Домой он вернулся позже обычного. Мать была на месте, настолько схожая с картиной, созданной его воображением, что ему представилось, будто ее здесь нет. Она оказалась слишком ожидаемой – сидящей на диване с синими подушками, с коробочкой “Клинекса” и книгой, с наполовину заполненным водой стаканом.
– Тебе известно, сколько сейчас времени? – спросила она.
– Да.
– Почти четверть одиннадцатого.
– Я знаю.
– Где ты был?
– Просто гулял.
Он не мог ничего ей сказать. Не мог взять ее с собой.
– Нельзя гулять так поздно, – сказала она.
Он наблюдал за комнатой, за ее ярким беспорядком. В последнее время мать начала покупать стоваттные лампочки. На полу лежали пакеты из магазина. Рыболовный крючок волос лежал, приклеенный потом, на ее щеке.
– Ты слышал, что я сказала? – спросила она.
– Да.
– Тогда ответь.
– На какой вопрос?
Она вздохнула – раз, другой.
– Вопрос, – произнесла она. – Вопрос в том, что заставляет тебя думать, будто в твоем возрасте можно гулять, как сегодня, полночи.
– Полночь еще не наступила.
– Ты хоть знаешь, что это такое, – сидеть здесь с трех часов дня, думая, что ты уже возвращаешься из школы? Семь часов прошло. Если бы мне не позвонила Кассандра, я не знала бы, где ты, целых семь часов, а не с шести вот до этого времени.
– Я ничего плохого не делал, – сказал он.
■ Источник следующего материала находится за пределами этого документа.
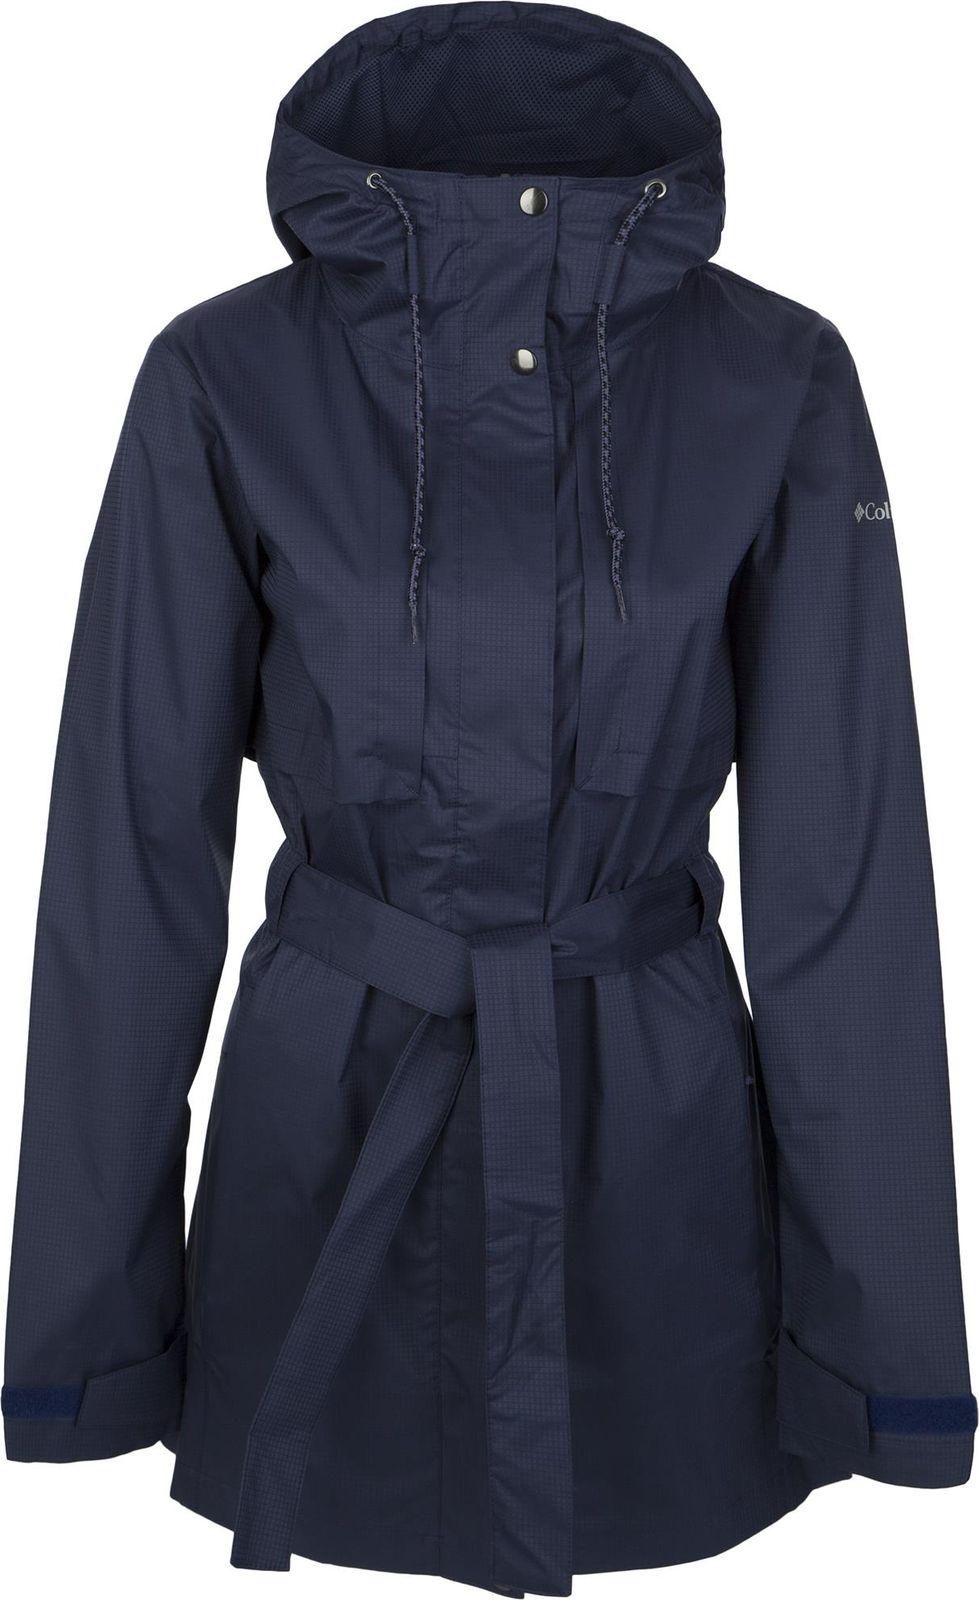 Плащ Columbia Pardon My Trench Rain Jacket плащ женский columbia pardon my trench rain jacket цвет серый 1839841 027 размер xs 42

– Ты должен звонить мне. Сообщать, где ты. Ты хоть ел что-нибудь? Уроки сделал?
– Конечно.
– Джамаль…
– Что? – спросил он.
– Прошу тебя, не поступай так. Я не могу… Мне нужна твоя помощь. Нужно, чтобы вечером ты возвращался из школы. Чтобы сообщал мне, где ты, когда тебя нет дома.
– Угу.
Она достала из коробочки “Клинекс”, но не вытерла глаза, не высморкалась. Просто разорвала салфетку. И осталась сидеть с ее половинками в руках.
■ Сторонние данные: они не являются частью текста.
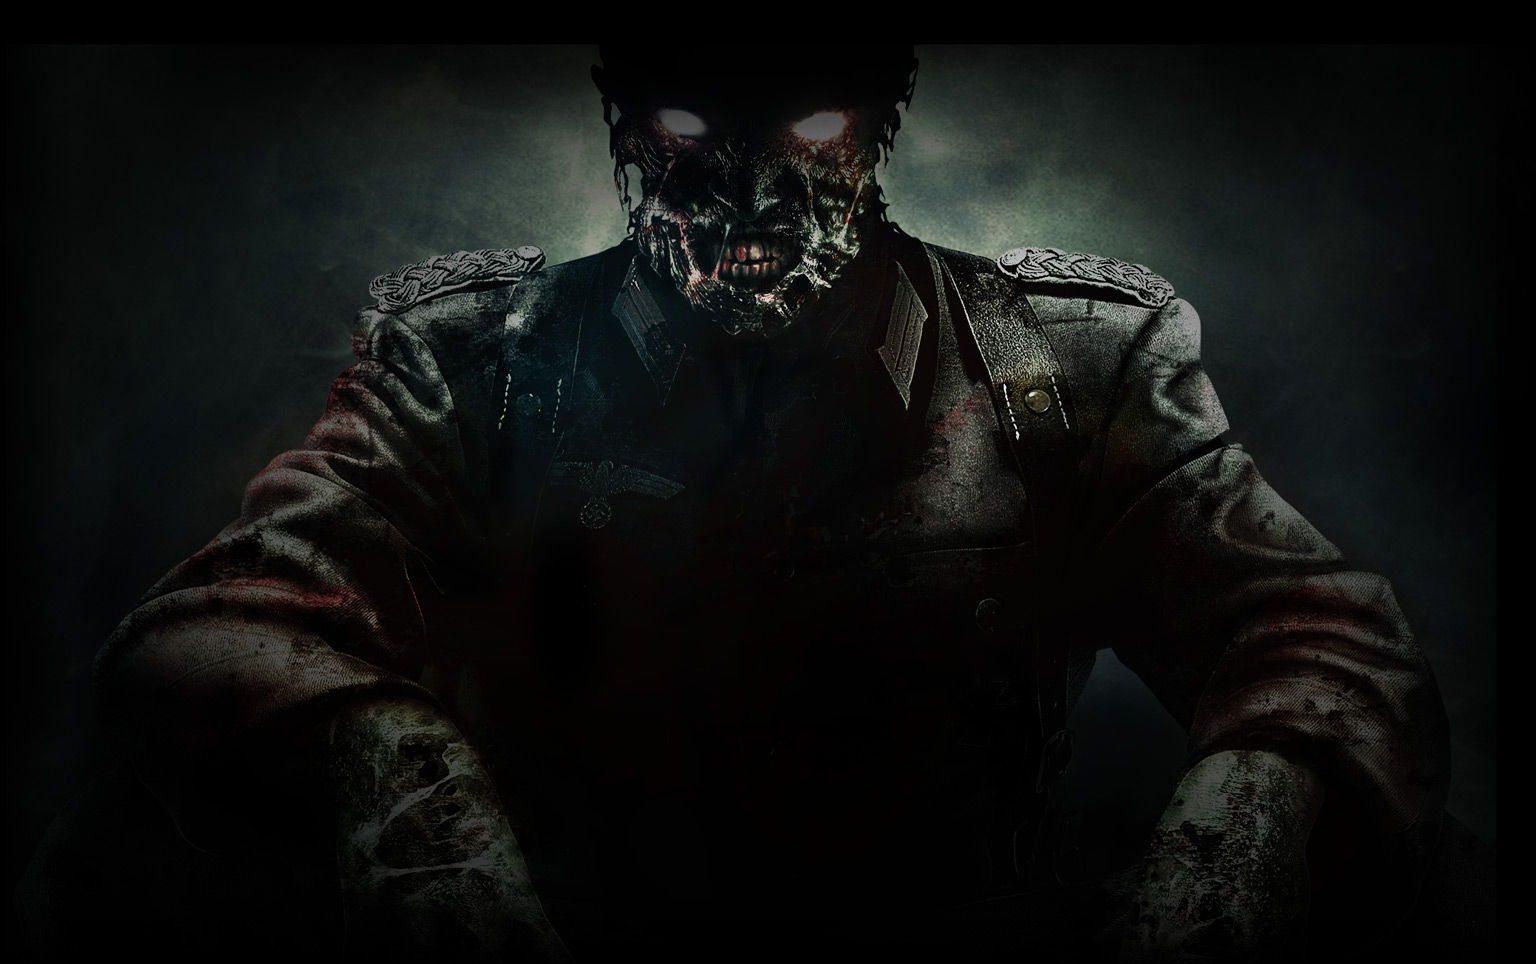 Modern Warfare Wallpaper Hd Cccp Ops

– Я не знаю, как до тебя достучаться, – сказала она. – Но готова для этого на очень многое. Ты хоть намекни мне, ладно?
Он не мог ничего ей ответить. Оба они знали, чего хотели, но, когда с прежним было покончено, оба оказались в ловушке. Ей было не место на этом диване. А ему не было места нигде.
– Джамаль? – произнесла она. Глаза ее были больными, пластмассовыми. Влажными и не влажными. Он попытался сказать ей, что достучаться до него невозможно, но объяснить это смог только одним способом – уйдя в свою комнату. Он чувствовал, как мать дышит в гостиной. Лежал в кровати, в темноте. И думал о себе, лежа в темноте, думая о себе. Не думая о ней.
Назавтра он, вернувшись домой, обнаружил там своих дядю и тетю. Тетя привезла с собой Бена. Все они сидели с матерью в гостиной и пили воду – с таким видом, будто вкуснее ничего никогда не пробовали. Уж не его ли они поджидали?
– Привет, Джамаль, – сказал дядя Вилл.
Дядя Вилл исполнял обычную его роль: скептическая полуулыбка, сдержанный кивок, совершенно серьезная, нервная, сопровождаемая потрескиванием разминаемых пальцев демонстрация внимания.
– Привет, – ответил Джамаль.
Тетя Сьюзен поцеловала его. Она всегда была права. И перемещалась в пространстве лишь по прямым линиям.
Бен пожал ему руку. Он был из тех мальчиков, что пожимают руки. Бена окружал ореол стыда, маленькие незримые лучики стыда. И ореол старательной вежливости.
Джамаль догадался: он удивил их, вернувшись домой вовремя. Они приехали, чтобы помочь в его отсутствие матери. А что им делать в его присутствии, не знали.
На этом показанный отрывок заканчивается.